#### PROVIDED MATERIAL ####

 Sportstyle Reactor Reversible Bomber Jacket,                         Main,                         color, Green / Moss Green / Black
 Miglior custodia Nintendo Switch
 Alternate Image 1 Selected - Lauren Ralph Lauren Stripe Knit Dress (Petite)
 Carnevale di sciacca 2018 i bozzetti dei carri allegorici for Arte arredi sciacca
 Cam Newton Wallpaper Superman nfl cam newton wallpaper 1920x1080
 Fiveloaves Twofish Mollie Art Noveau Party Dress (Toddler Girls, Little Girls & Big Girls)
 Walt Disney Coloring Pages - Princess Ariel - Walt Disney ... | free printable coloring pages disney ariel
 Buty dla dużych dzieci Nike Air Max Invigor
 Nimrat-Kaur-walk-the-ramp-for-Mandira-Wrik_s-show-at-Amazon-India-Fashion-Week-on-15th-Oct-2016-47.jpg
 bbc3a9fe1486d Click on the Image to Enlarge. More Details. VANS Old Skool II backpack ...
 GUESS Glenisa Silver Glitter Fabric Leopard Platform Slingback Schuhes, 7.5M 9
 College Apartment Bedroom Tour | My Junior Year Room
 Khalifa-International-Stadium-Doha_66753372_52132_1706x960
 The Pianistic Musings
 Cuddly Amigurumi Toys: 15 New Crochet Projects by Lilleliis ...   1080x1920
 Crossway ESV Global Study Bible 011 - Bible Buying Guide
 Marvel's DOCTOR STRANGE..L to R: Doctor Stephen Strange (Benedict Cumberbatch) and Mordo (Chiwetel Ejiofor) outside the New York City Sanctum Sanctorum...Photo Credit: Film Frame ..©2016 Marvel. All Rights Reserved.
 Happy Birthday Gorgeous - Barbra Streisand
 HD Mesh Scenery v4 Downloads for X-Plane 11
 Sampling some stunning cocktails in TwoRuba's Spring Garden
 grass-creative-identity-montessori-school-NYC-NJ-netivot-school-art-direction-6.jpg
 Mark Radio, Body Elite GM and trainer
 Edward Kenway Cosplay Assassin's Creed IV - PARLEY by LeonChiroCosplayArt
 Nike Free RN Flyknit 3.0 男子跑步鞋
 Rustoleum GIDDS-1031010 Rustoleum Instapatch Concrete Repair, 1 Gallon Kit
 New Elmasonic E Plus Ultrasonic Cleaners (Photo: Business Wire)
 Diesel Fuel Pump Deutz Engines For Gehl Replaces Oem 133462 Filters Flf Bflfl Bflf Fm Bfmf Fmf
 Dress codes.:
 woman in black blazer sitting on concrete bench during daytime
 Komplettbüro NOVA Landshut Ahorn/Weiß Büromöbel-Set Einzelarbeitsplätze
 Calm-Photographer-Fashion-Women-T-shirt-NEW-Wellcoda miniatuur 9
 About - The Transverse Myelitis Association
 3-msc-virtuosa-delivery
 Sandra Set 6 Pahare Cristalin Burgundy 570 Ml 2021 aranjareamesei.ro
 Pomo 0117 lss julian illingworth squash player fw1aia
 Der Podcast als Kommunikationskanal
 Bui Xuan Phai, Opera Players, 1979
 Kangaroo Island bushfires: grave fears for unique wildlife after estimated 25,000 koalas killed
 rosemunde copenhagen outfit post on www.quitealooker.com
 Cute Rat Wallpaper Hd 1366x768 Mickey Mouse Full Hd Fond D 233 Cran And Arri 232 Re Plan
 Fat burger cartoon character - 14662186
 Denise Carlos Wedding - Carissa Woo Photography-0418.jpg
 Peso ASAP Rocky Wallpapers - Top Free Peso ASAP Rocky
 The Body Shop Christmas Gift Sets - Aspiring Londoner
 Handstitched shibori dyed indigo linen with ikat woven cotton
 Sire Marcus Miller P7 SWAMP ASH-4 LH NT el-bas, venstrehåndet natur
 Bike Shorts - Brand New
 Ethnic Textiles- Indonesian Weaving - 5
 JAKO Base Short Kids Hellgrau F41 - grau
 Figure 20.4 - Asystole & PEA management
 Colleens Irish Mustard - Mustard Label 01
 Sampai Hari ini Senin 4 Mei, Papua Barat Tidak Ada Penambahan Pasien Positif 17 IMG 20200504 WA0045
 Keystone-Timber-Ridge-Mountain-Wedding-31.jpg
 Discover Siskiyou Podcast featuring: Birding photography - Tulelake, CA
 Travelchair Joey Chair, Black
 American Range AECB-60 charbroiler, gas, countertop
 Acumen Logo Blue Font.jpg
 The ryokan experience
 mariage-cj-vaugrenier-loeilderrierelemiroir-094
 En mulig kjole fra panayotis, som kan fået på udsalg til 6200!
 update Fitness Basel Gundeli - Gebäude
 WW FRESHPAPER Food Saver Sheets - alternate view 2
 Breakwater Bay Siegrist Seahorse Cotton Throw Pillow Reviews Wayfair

####

▸ **THE TASK**:
Respond with one number, namely the count of lines in the entries above that hold the word "Body".

▸ **RESPONSE BOX**:
2